While all metrics provide insight into the performance of your experiment, Talon.One calculates the Confidence scores using only the three metrics that express averages: Avg. Session Value, Avg. Discounted Session Value, and Avg. Items per Session. These averages determine whether a difference in results is a repeatable trend or a result of random variance.
To help you interpret the overall performance of your variants, the evaluation table provides the following metrics for closed sessions:
| Metric | Description |
|---|---|
| Avg. Session Value | The average pre-discount order value. |
| Avg. Discounted Session Value | The average post-discount order value. |
| Avg. Items per Session | The average number of cart items. |
| Sessions | The number of closed sessions. |
| Revenue | The pre-discount value of revenue generated from all purchases. |
| Discounts Given | The value of all given discounts. |
| Coupons Redeemed | The number of successful coupon redemptions. |
Avoid overgeneralizing your results. If 10% performs better at a $50 minimum session value, it doesn't mean this incentive is the better choice for every scenario. For higher-value carts, a flat $20 discount might be more compelling than a 10% reduction. Use these results to help you plan more targeted experiments for other customer segments and cart values.
Apply your findings
After you have identified a winning variant, such as the $5 discount outperforming the 10% discount with a 98% confidence score, follow these steps to scale your results:
-
Stop the experiment: Disable the experiment to finalize your results. Note that this immediately disables the experiment's incentives for all customers.
To disable an experiment:
- On the left-side menu of the experiment, click Dashboard.
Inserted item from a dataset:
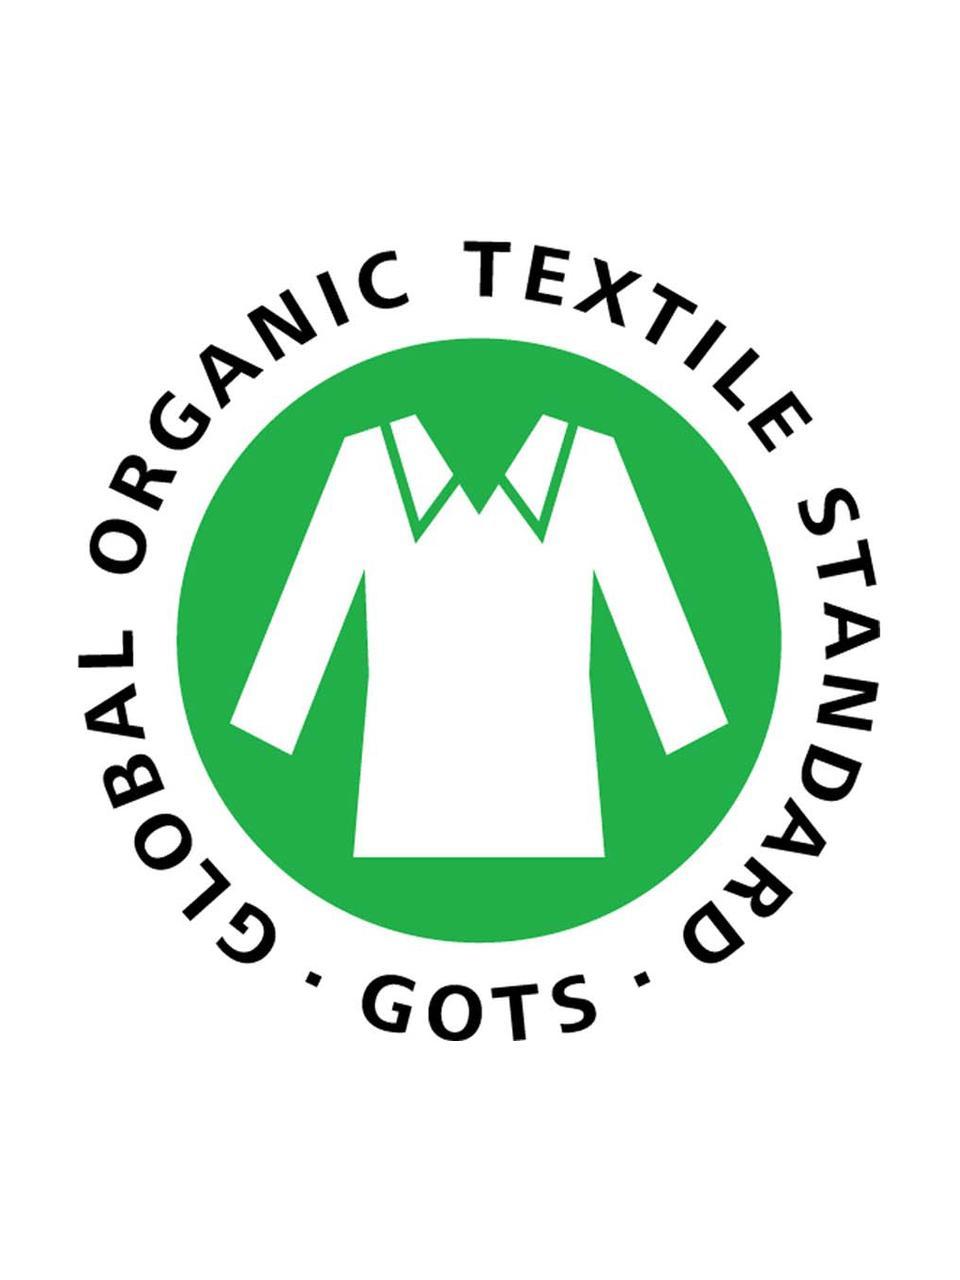 Mulltücher Fawn aus Bio-Baumwolle, 2 Stück, 100% Biobaumwolle, GOTS-zertifiziert, Weiss, Braun, Beige, Gelb, Rosa, Grün, 70 x 70 cm

- Click Disable Experiment.
-
Create a standard campaign from the experiment: You can directly convert the winning variant into a campaign.
To create a campaign from an experiment:
- In Dashboard, to the right of the experiment, click Create Campaign from Experiment.
-
Iterate: Use your findings to form a new hypothesis. If the results showed you that a $5 discount works better than a 10% discount for this audience, your next experiment might test that $5 discount against a free shipping offer to see if you can improve your results even further.